Because my holiday memories were consolidated at a time when my brain effortlessly conjured up images of flying reindeer, I still feel a bit of that Christmas magic when I encounter holiday sights, smells and sounds
Luckily, however, we don’t completely lose those old ways of thinking, because the brain appears to retain a mechanism for neural time travel. By this, I don’t simply mean that adults have warm memories of having believed in Santa Claus. Pascal Boyer, a professor of memory at Washington University in St. Louis, differentiates between what he refers to as episodic memories — the first time we sat on Santa’s knee or the year a blizzard knocked out the electricity — and mental time travel memories, or M.T.T. These come closer to re-experiencing a remembered event. Professor Boyer describes how neuroimaging evidence indicates that, when certain events are recalled — presumably after being triggered by familiar sights, smells or sounds — emotional brain areas are activated as well as visceral responses. You relive the feelings you experienced in the past. These recollections can be thought of as full body and brain memories.

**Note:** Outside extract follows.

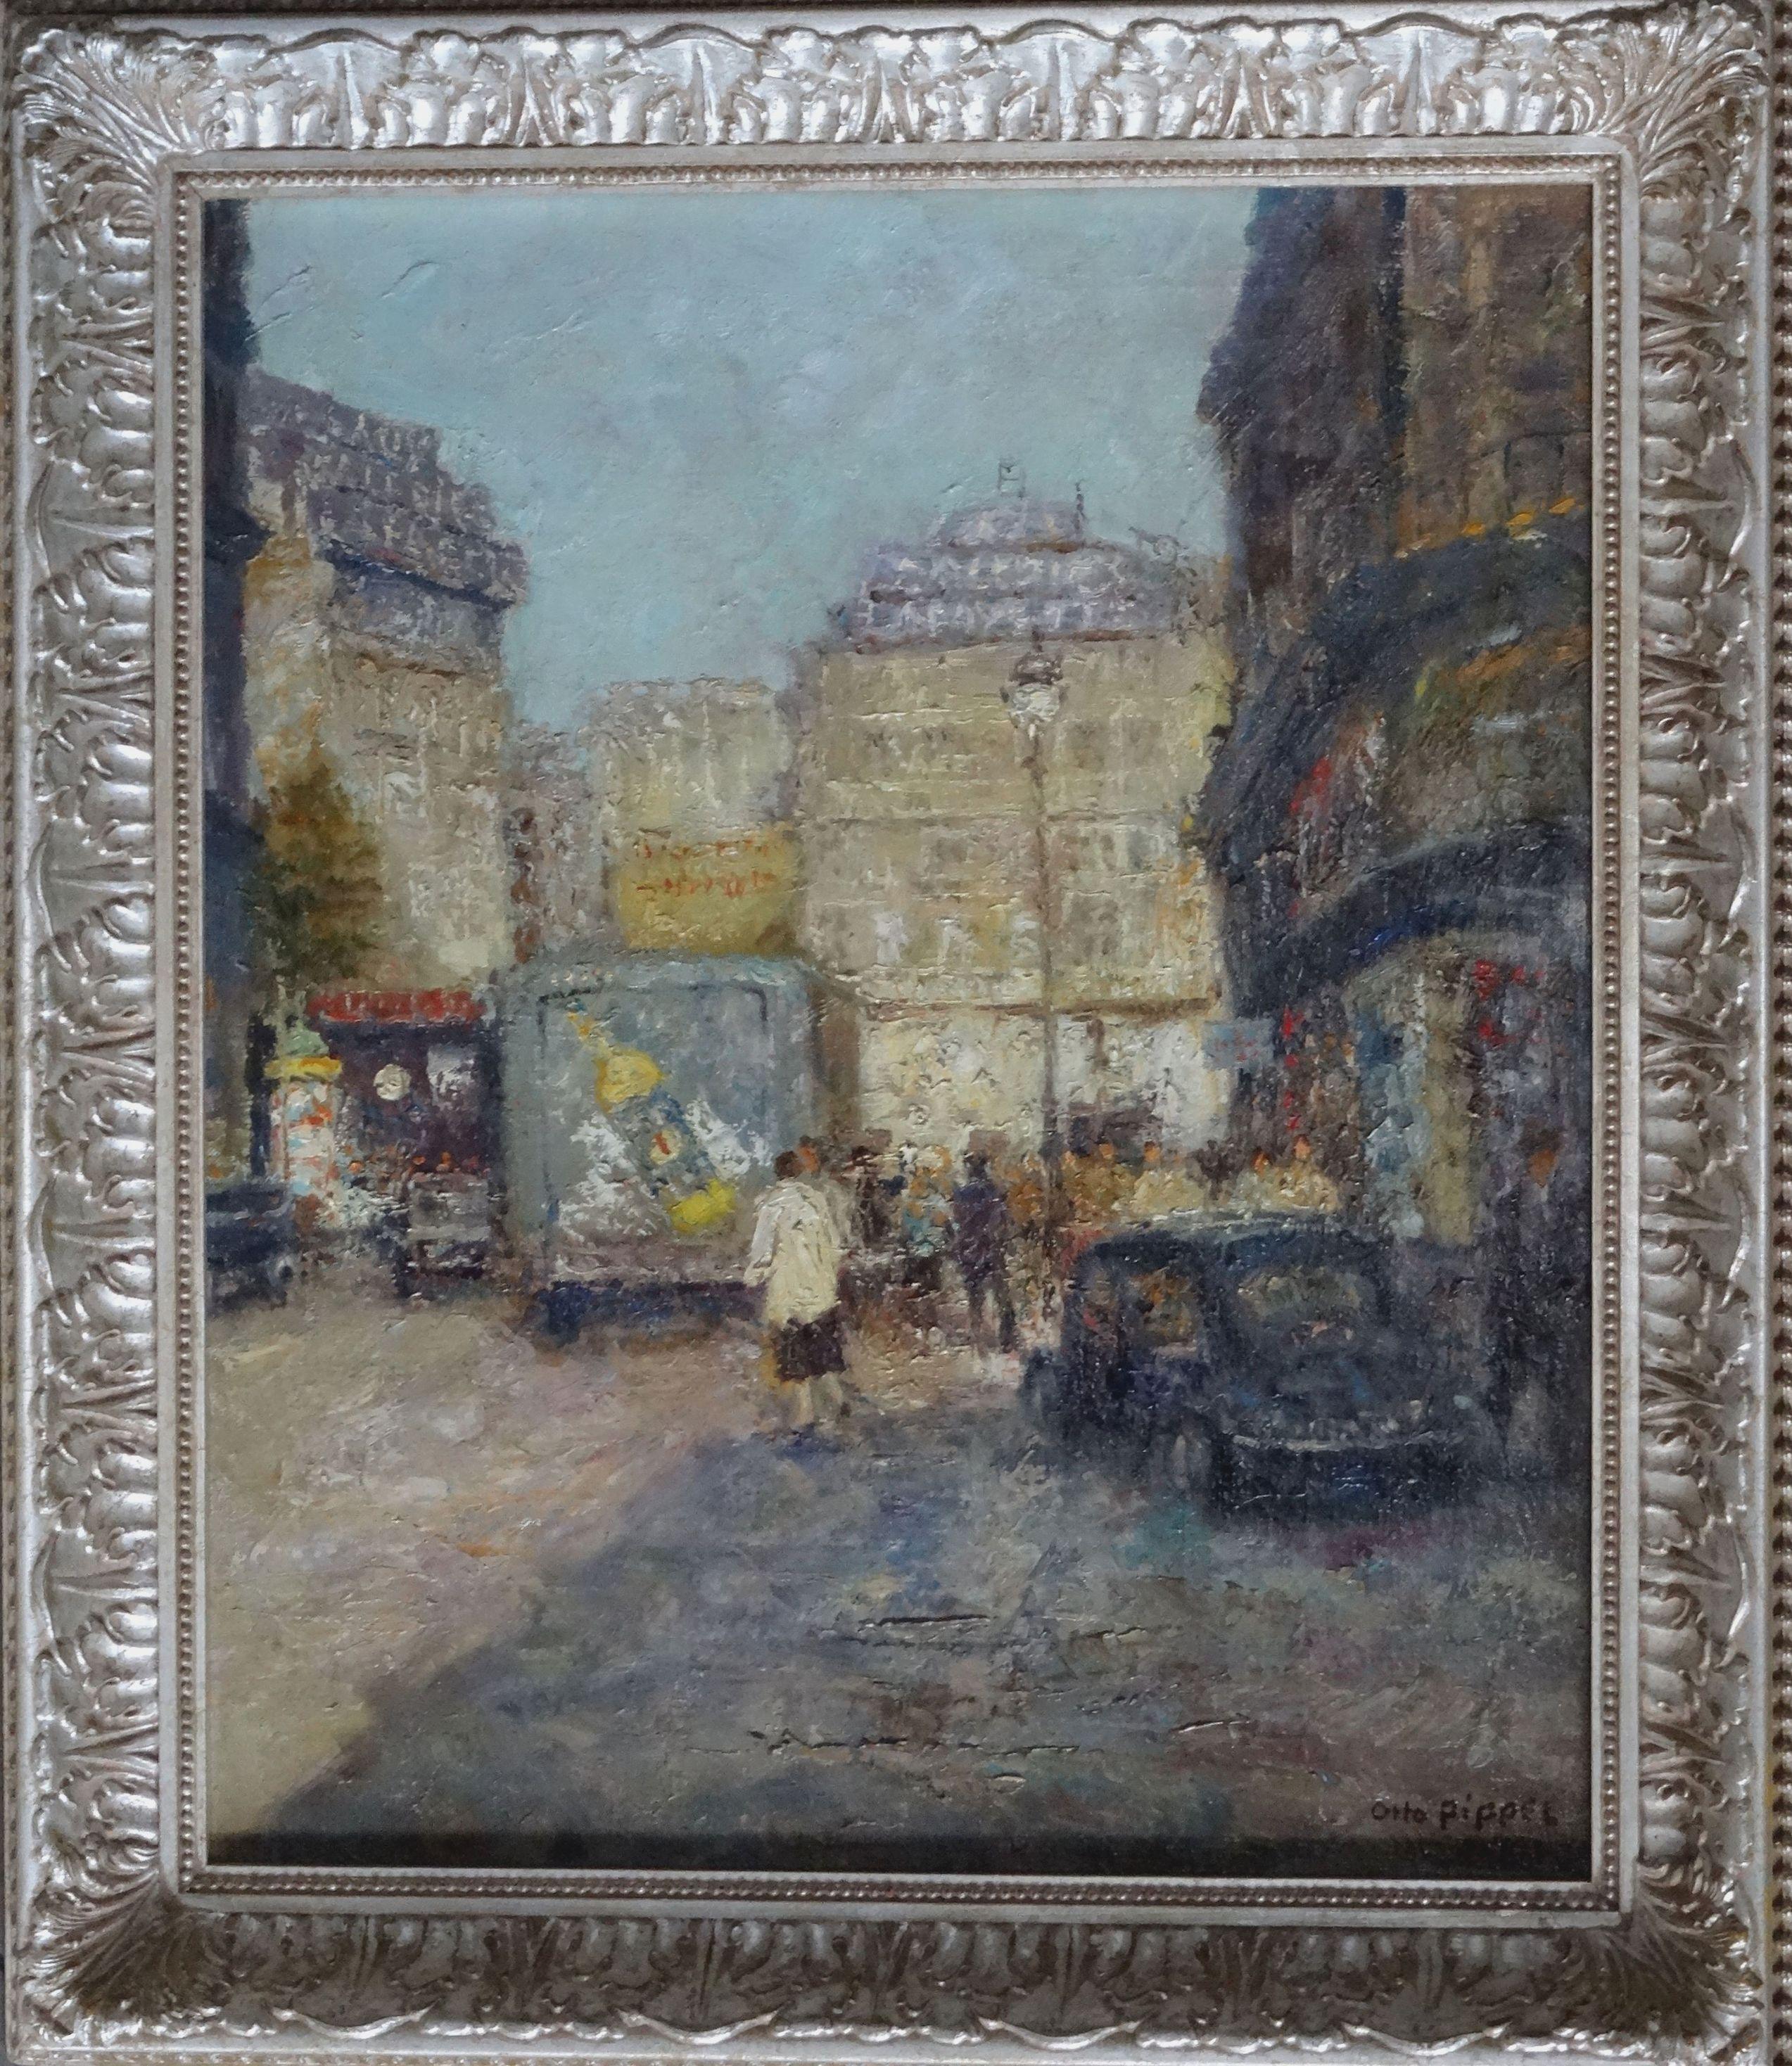 Lafayette Street, Paris. Oil on canvas, 61x50 cm - Painting by Otto Eduard Pippel

This can be traumatic, as it is likely to be for people who suffer from post-traumatic stress disorder. Or it can be more mundane. Imagine that someone had a chili dog before riding a roller coaster and then got sick. For years, he may be overcome by nausea whenever he encounters a chili dog — even if he knows perfectly well it was the motion of the ride that made him ill. When the brain considers something to be important, it is difficult to extinguish its responses to conditioned memories. Thankfully, it can happen for happy memories as well.